Facebook security breach: 50 million user accounts affected

The company discovered a security breach on Tuesday that allowed it to enter and manipulate accounts. That’s why it forced 90 million users to re-enter their data

The Facebook revealed on Friday that the data of 50 million accounts were unprotected and at the mercy of hackers after a cyber attack. The company issued a statement saying it has already taken steps to correct the problem. The hackers had access to the passwords to enter in the accounts, which allowed them to not only steal the data but also change them.

According to the Mark Zuckerberg, the invaders took advantage of a weakness in the code of a tool of Facebook called “to see like”. It is a tool that allows a user to visualize their profile the way another person sees it. A recent change in the code of another Facebook tool unexpectedly affected this feature and allowed access.

By this way, hackers had access to the tokens of 50 million accounts. This internal key is the code that allows Facebook to record user data so that the user does not have to enter their password each time they enter the network.

Facebook claims it discovered the security breach late Tuesday afternoon.
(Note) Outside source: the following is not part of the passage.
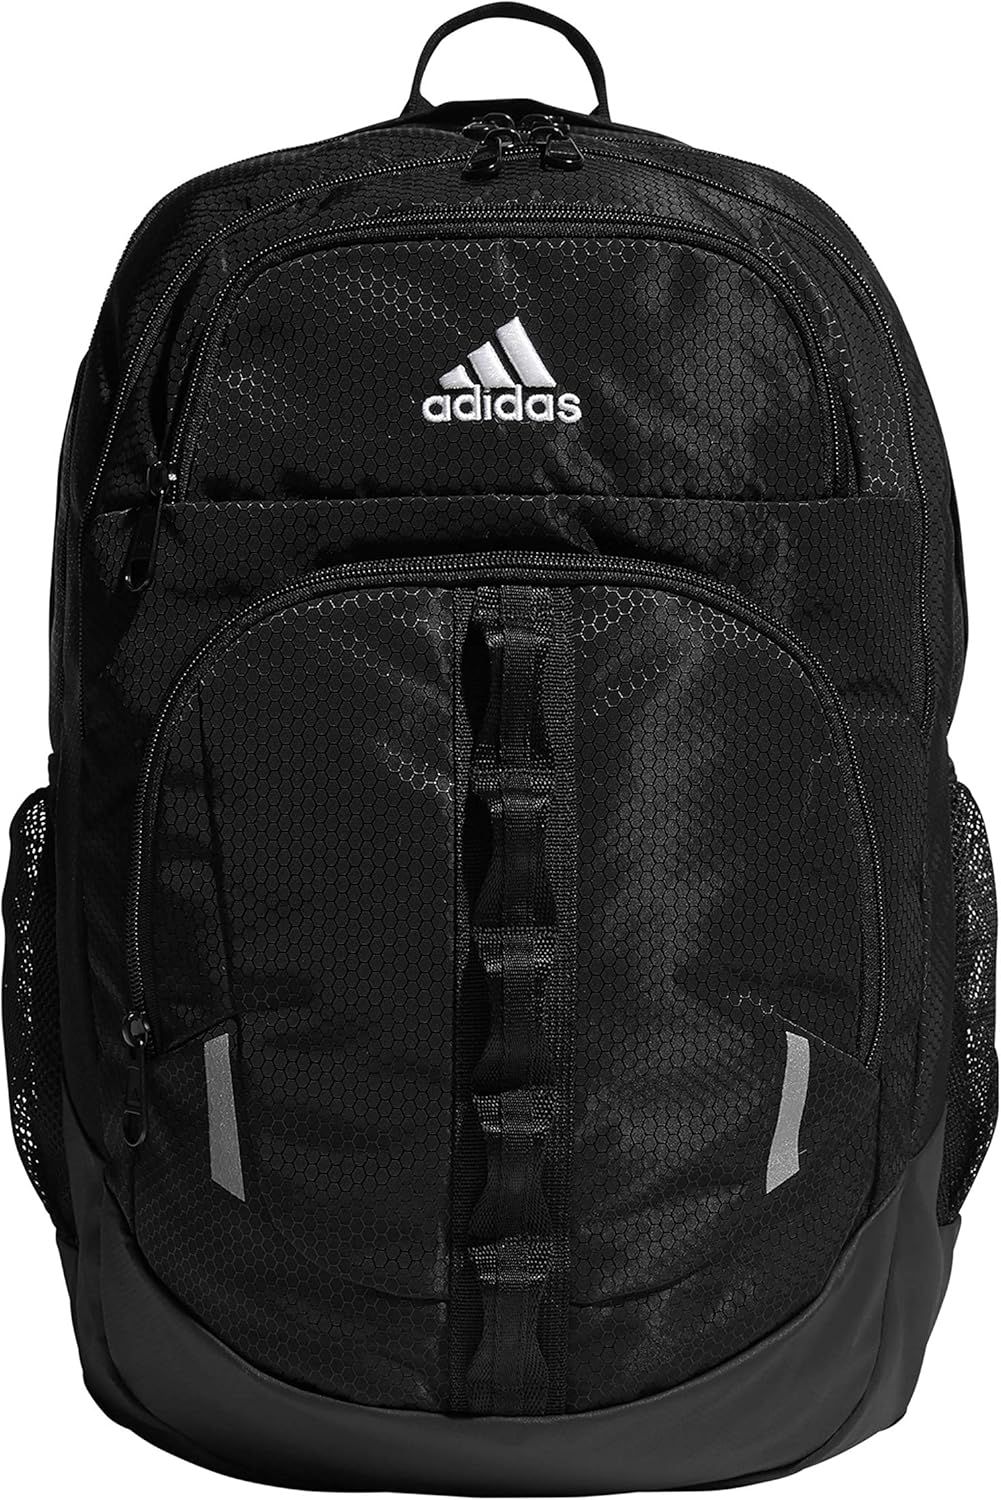 adidas Unisex Prime Backpack, Black/White, One Size | Amazon (US)

It then deactivated the keys to 50 million profiles that the company estimates to have been affected, as well as 40 million other users who had used the “see-it” feature. That’s why 90 million people who have tried to access the network since then have received the information that their session had been closed and they would have to manually re-enter their data.
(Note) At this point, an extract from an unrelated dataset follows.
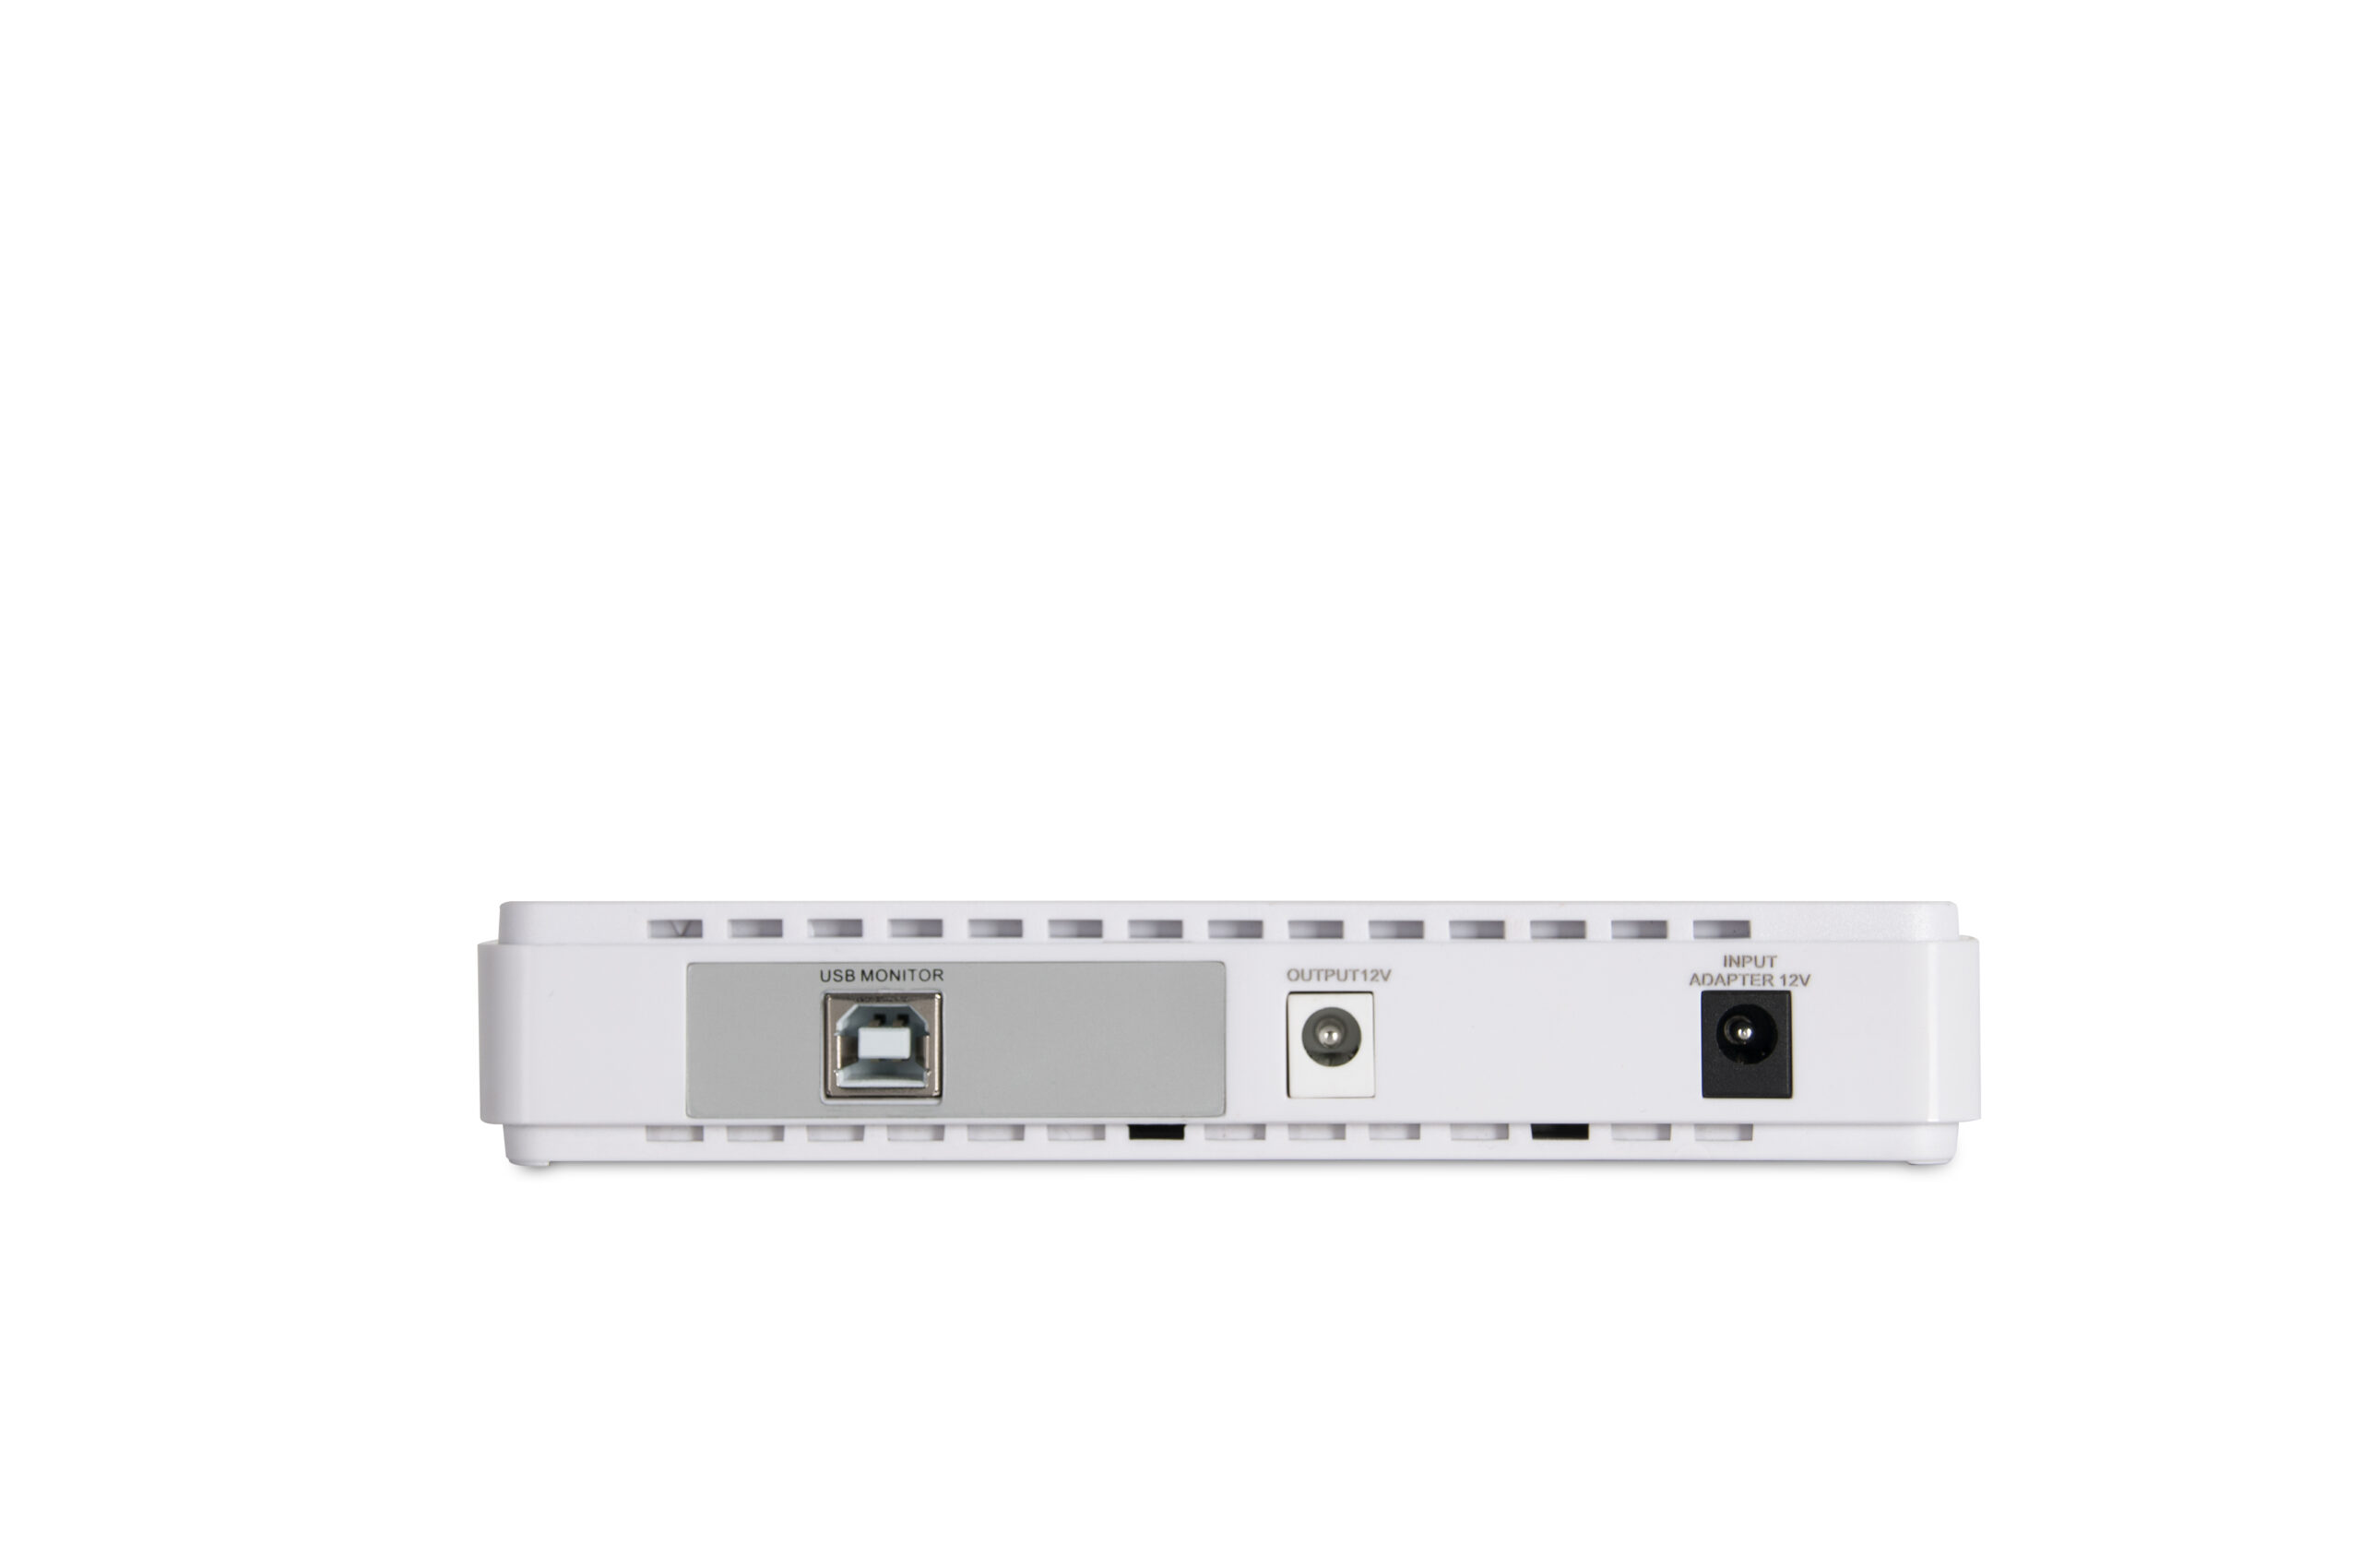 EC15-8000 Series Portable Power Bank DC UPS (15W)

Upon entering Facebook, the user sees a message explaining what happened. The company also reported that it has disabled the “see how” function and is reviewing its code.

In the statement, Facebook does not make it clear whether the data has actually been stolen or not, nor whether the accounts ever changed. “As we have just begun our investigation, we have not yet determined whether these accounts have been tampered with or if anyone has accessed the information,” says the text, signed by Vice President of Product Guy Rosen. “We also do not know who is behind this attack or where it is.”
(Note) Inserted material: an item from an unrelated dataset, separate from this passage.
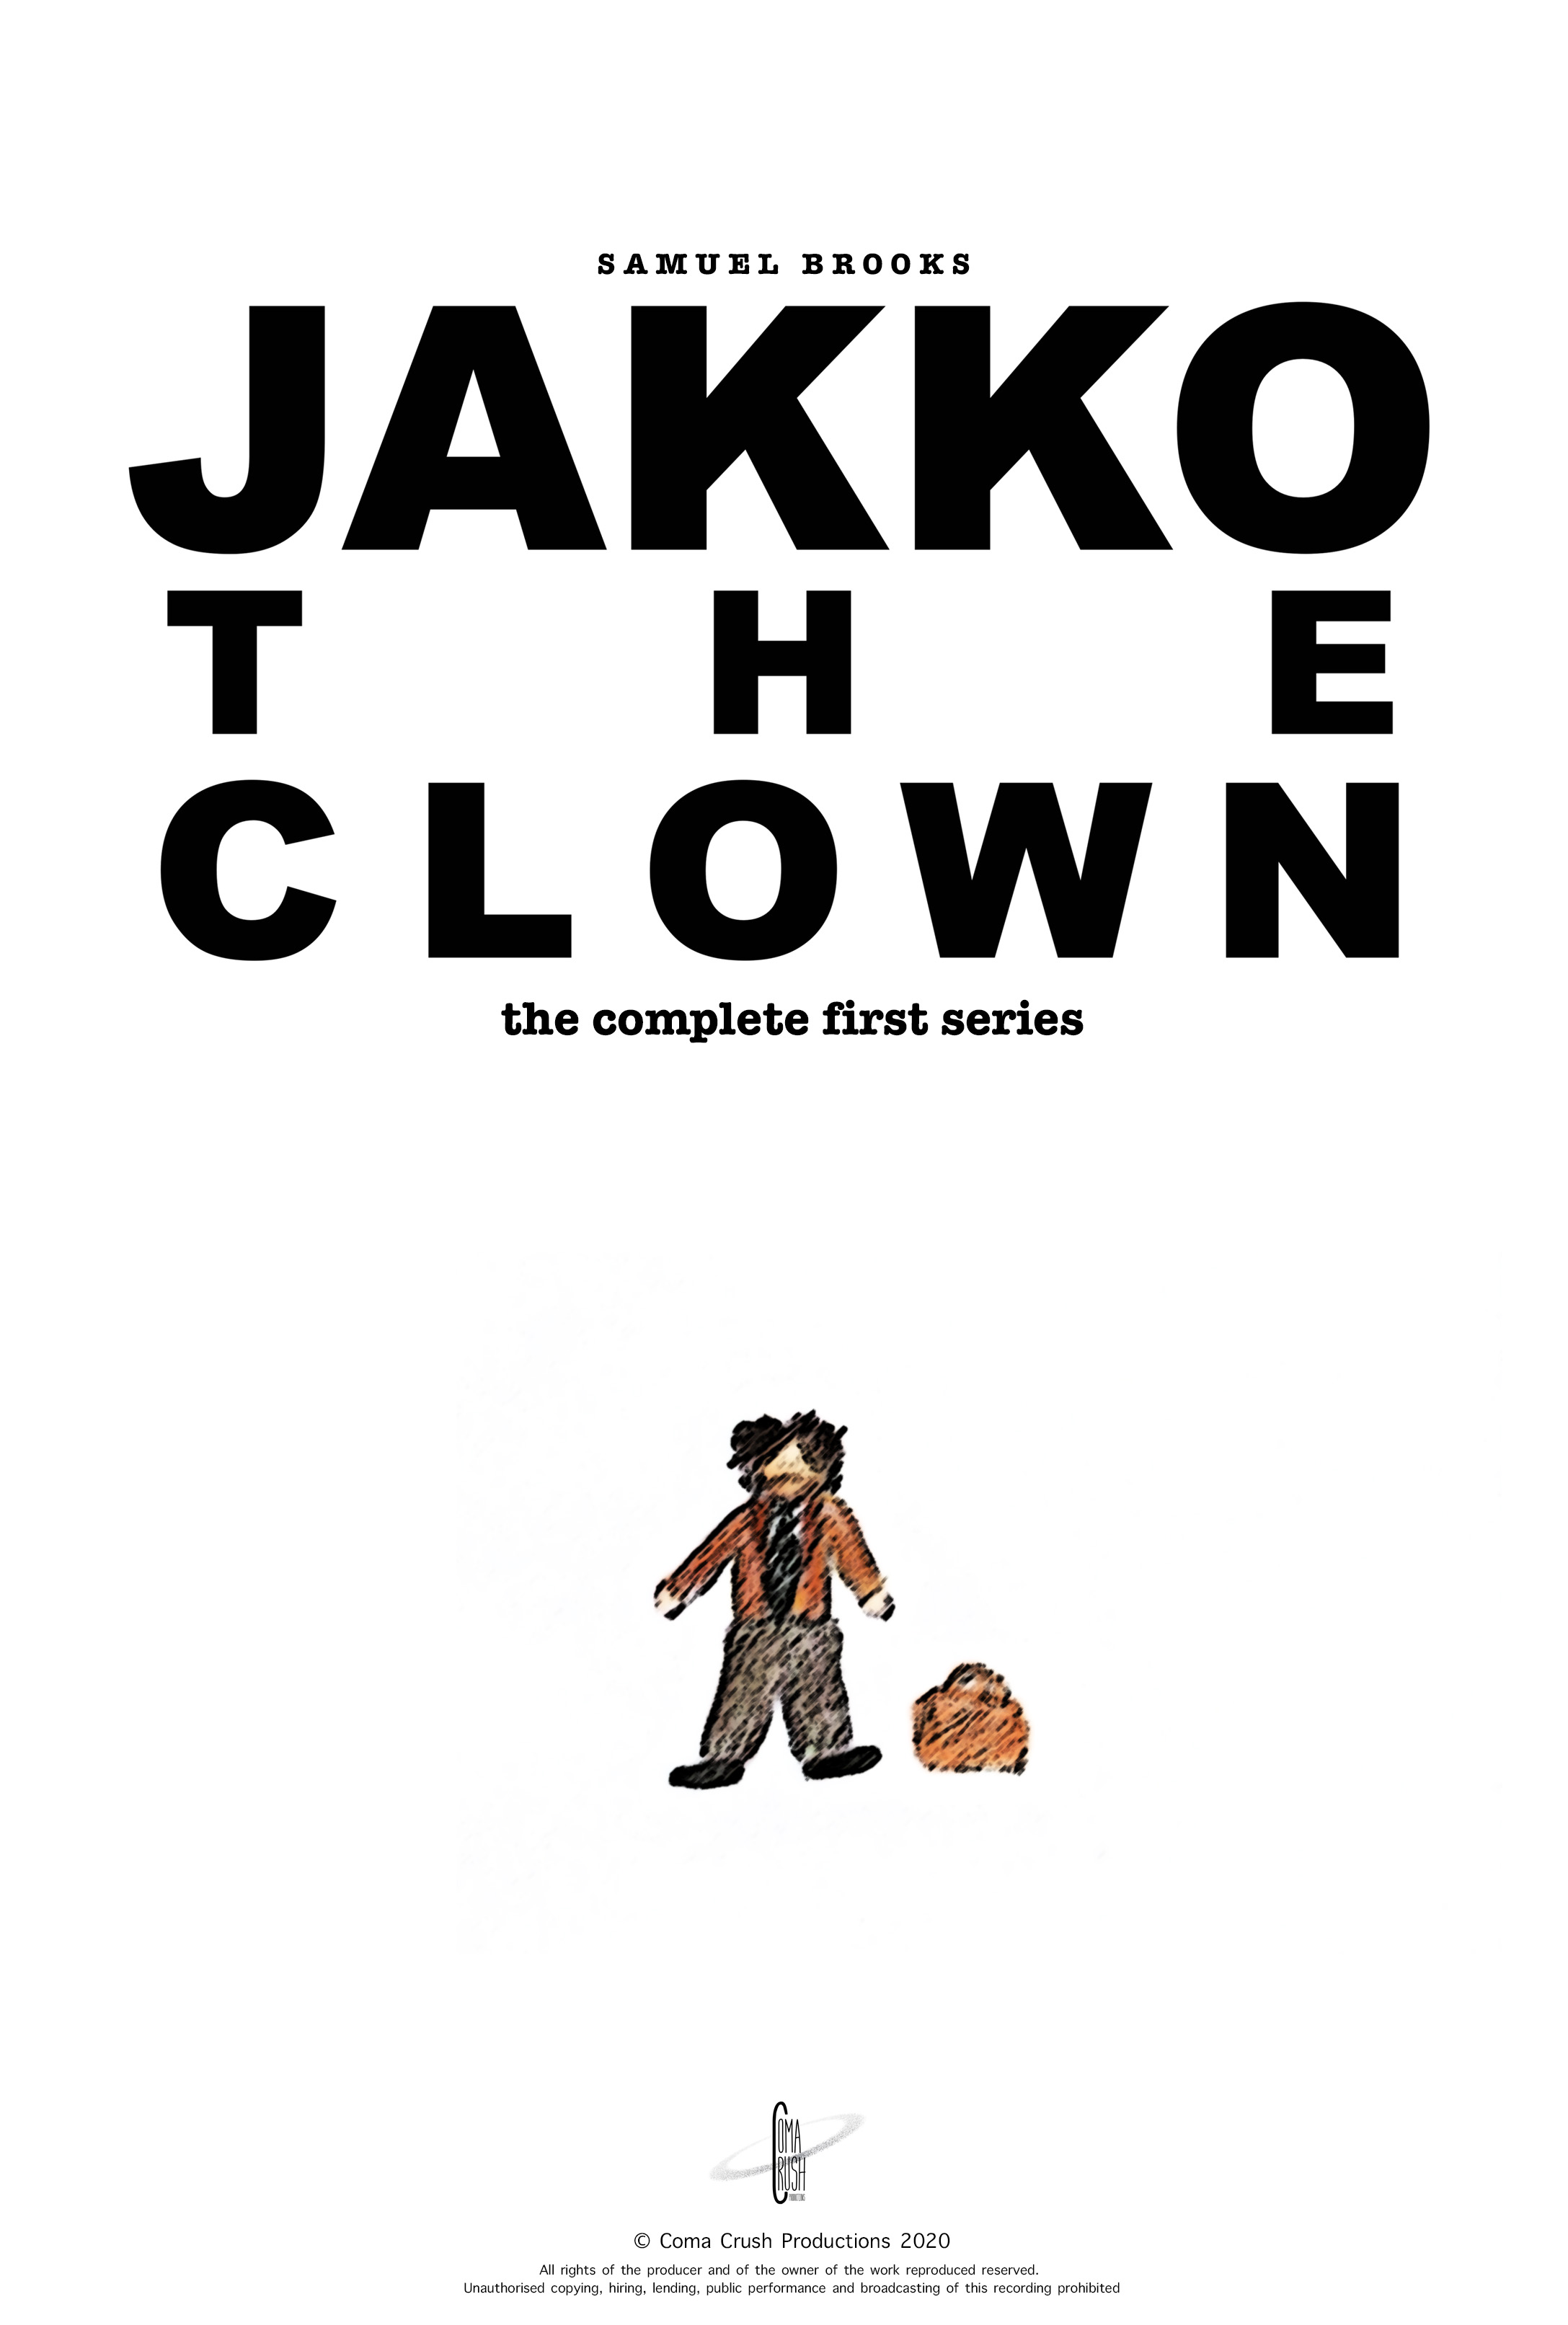 Jakko the Clown

What is clear is that the information that was left unprotected allowed the attackers to manipulate the accounts as if they were the users themselves. Facebook will invalidate the tokens of more accounts if they believe they have been affected.

Facebook has more than 2 billion users worldwide. Over 1 billion people use their subsidiary networks, Instagram and WhatsApp. The company is in the center of attention for the treatment that gives the users personal data, which is the product that the company sells to advertisers. Doubts about Facebook began with the scandal of Cambridge Analytica, a political consulting firm that obtained data from tens of millions of social network users irregularly and then advised Donald Trump’s campaign to the White House in 2016.